Ezan okunurken yiyip içtim, orucuma kaza gerekir mi?

Tarih: 01.06.2021 - 20:00 | Güncelleme:

Soru Detayı

- Yanlış bilgi nedeniyle, ezan okunurken yiyip içtim kaza gerekir mi?
- Ramazan orucunu tutarken (sahurda) ezan bitinceye kadar yemeye içmeye devam ettim. Ezan başlayınca orucun başlayacağını bilmiyordum. Diyanet fetva sayfasında şöyle deniliyor:
“Takvimlerde gösterilen “imsak”, oruca başlama vaktini ifade eder. İmsak vakti aynı zamanda gecenin sona erdiği, yatsı namazı vaktinin çıkıp sabah namazı vaktinin girdiği andır. Ezan da imsak vaktinin başlaması ile okunmaktadır. Bu sebeple ezanın başlaması ile yemeyi içmeyi terk etmek gerekir. Ezan başladığı sırada ağızda bulunan lokmanın yutulmasında bir sakınca yoktur.”
- Buna göre benim oruçlarım bozuldu mu, kaza etmek gerekir mi?
- Bana ramazanda sahur yaparken ezan bitene kadar yemek yenebileceği öğretilmişti, ben de 2 ramazan boyunca bazı günler ezan bitene kadar yedim içtim. Tabi bunu kaç gün yaptım bilmiyorum. Ezan okunurken yiyip içilmeye devam etmememiz gerektiğini bir sohbet dinlerken yeni öğrendim. Şimdi ben bu oruçları kaza etmeli miyim?
- Eğer kaza etmem gerekiyorsa, kaç gün ezan okunurken yiyip içtiğimi hatırlamadığımdan kaç gün kaza tutmalıyım? 

Cevap

Değerli kardeşimiz,

Bu konu tartışılmış.

Bazı kimseler "Ezanın sonuna kadar yiyip içmek oruca engel değildir." demişler. Fetva mercileri ise “Ezan 'Allahu…' deyince, 'Ekber' demeyi de beklemeden, ağzındaki lokmayı geri çıkarmak gerekir, yoksa oruç bozulur.” demişler.
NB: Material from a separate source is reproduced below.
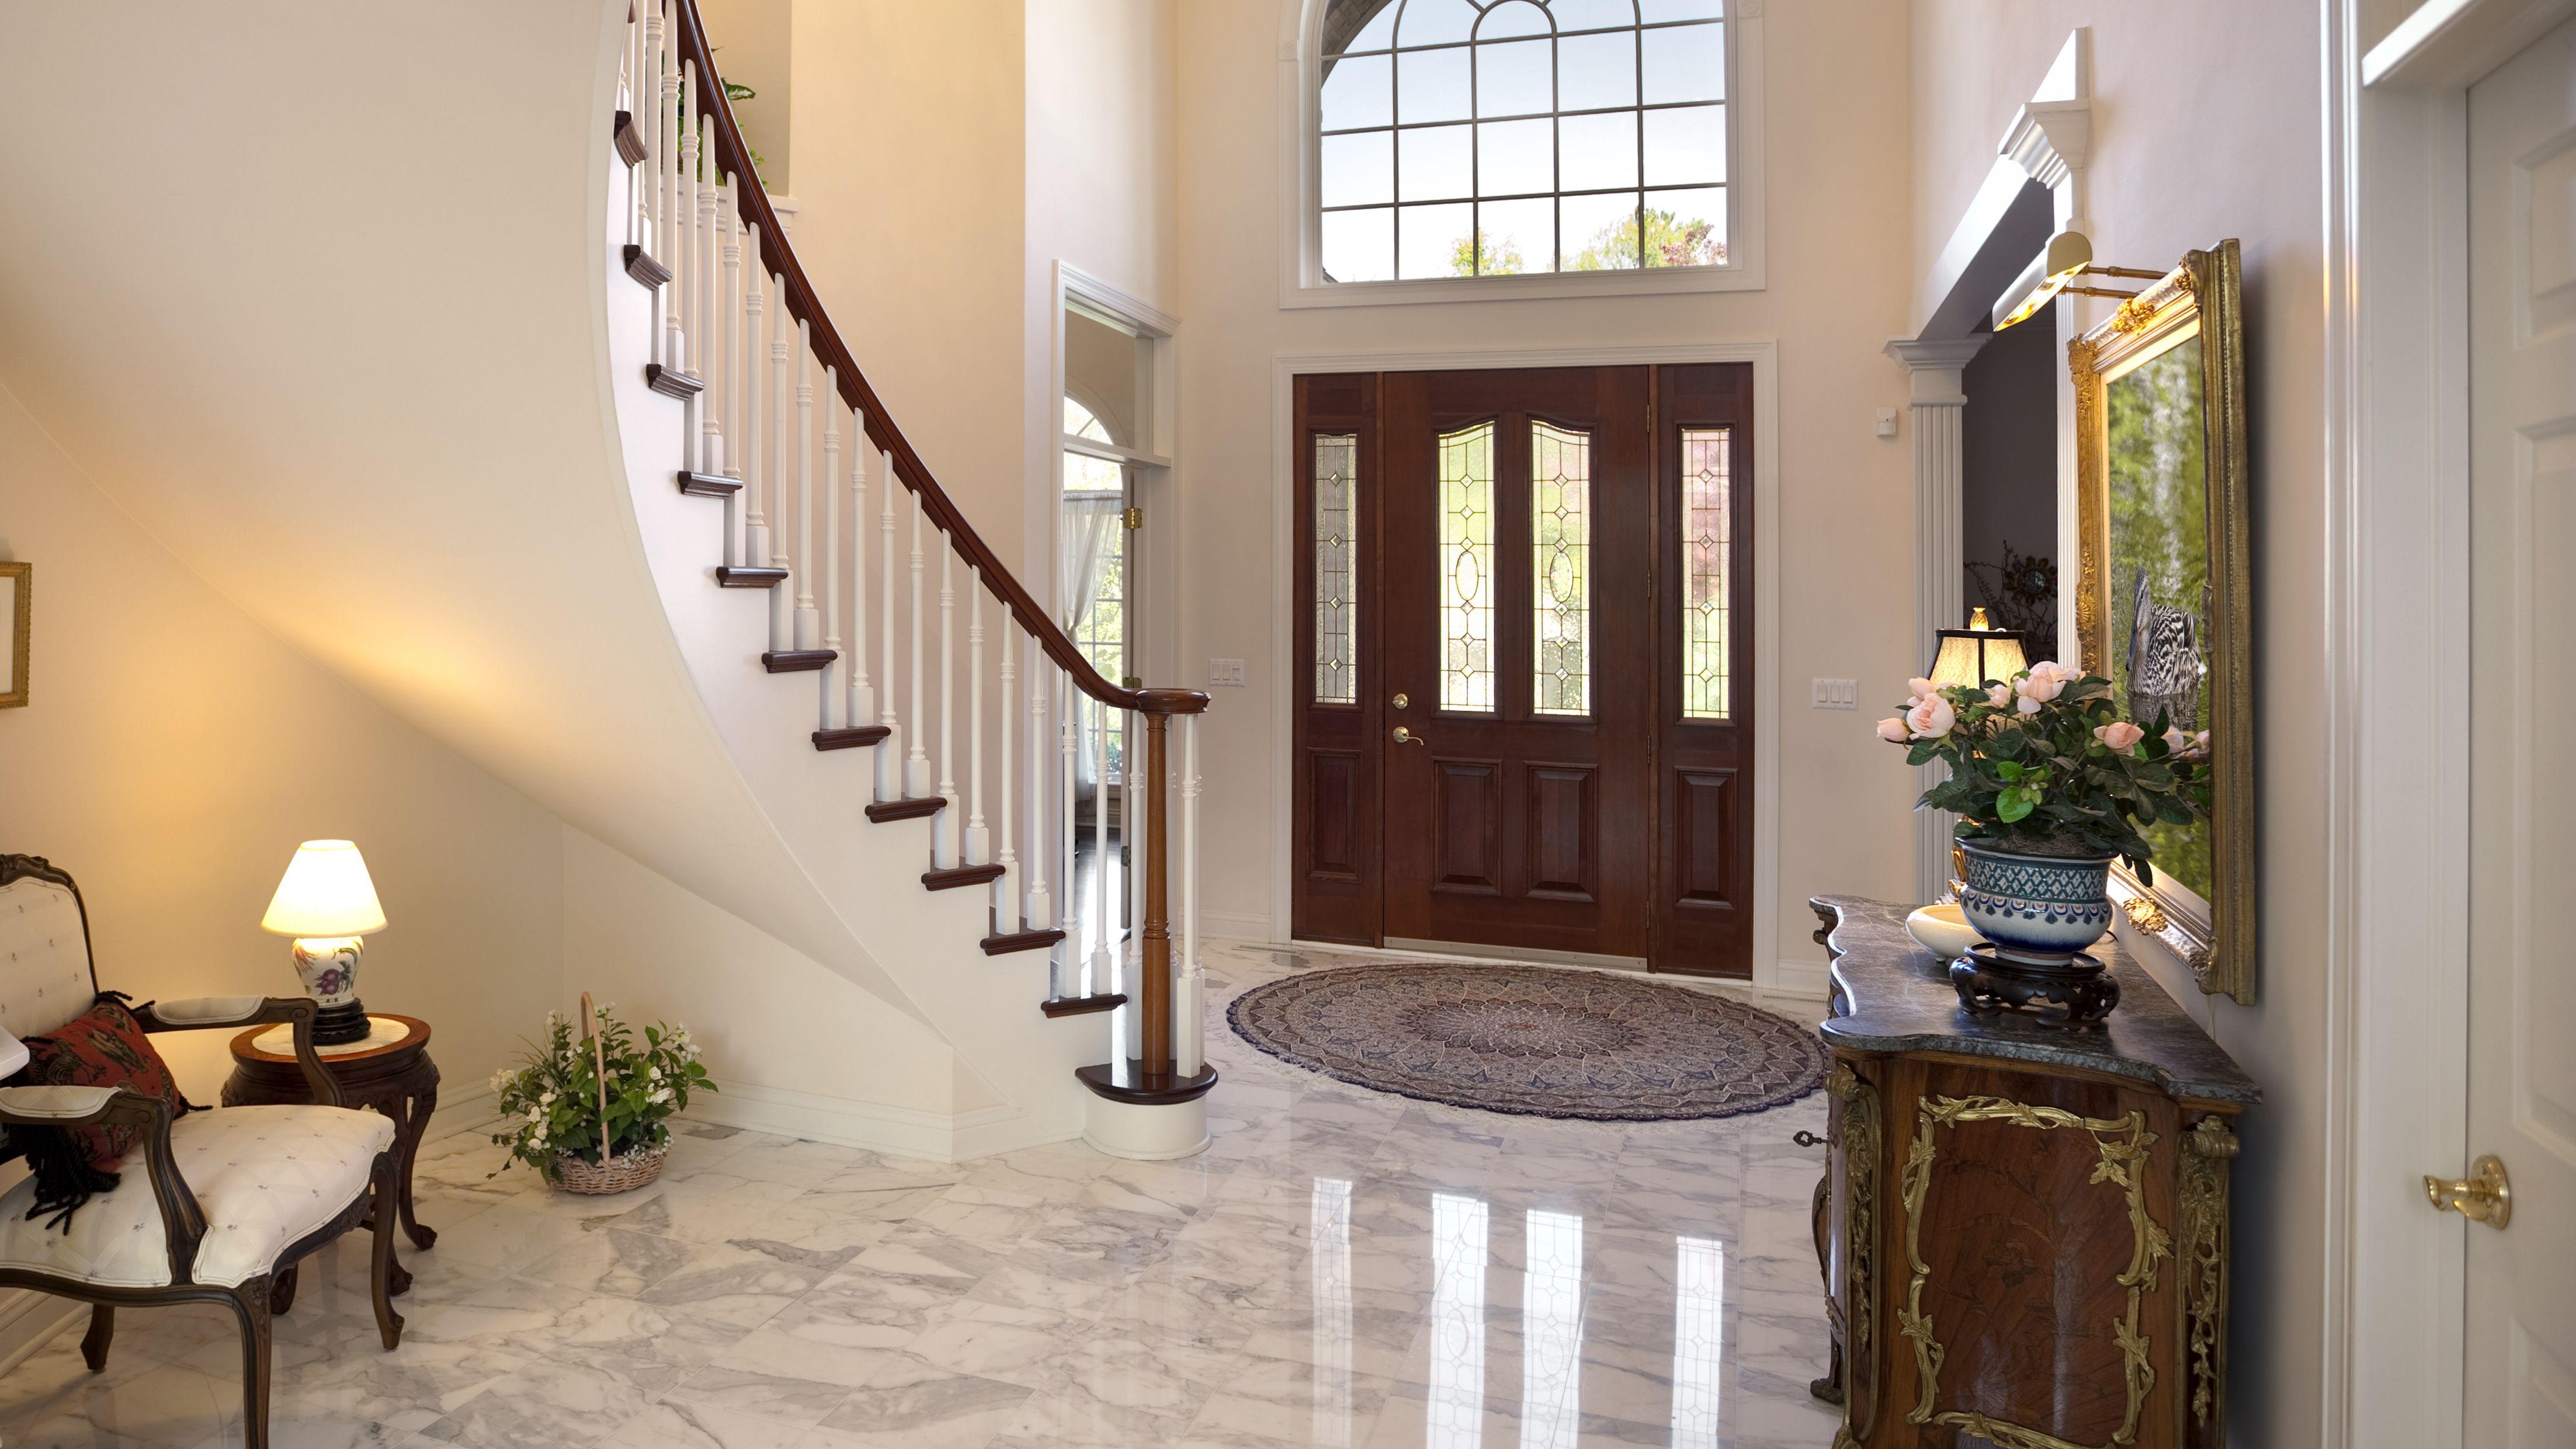 grand-foyer--staircase--chandelier--marble-floor-showcase-home-interior-design-157593982-5c456bbd46e0fb0001aac789

Bu sorunun doğru cevabını vermek için kişinin bulunduğu yerde tan yerinin ağarmaya başlaması (fecrin tulû’u) kavramına bakmak gerekir. Takvimlerdeki kayıtlara göre (görmeye değil, hesaba göre) ağarmanın saniyelik başlama anında ezan da okunuyorsa (bu esnada ufuktaki fecir insanlar tarafından rahatça görülemeyeceği; yani tebeyyün oluşmayacağından) ezan sonuna kadar yiyip içmekle oruç bozulmaz, kazası gerekmez.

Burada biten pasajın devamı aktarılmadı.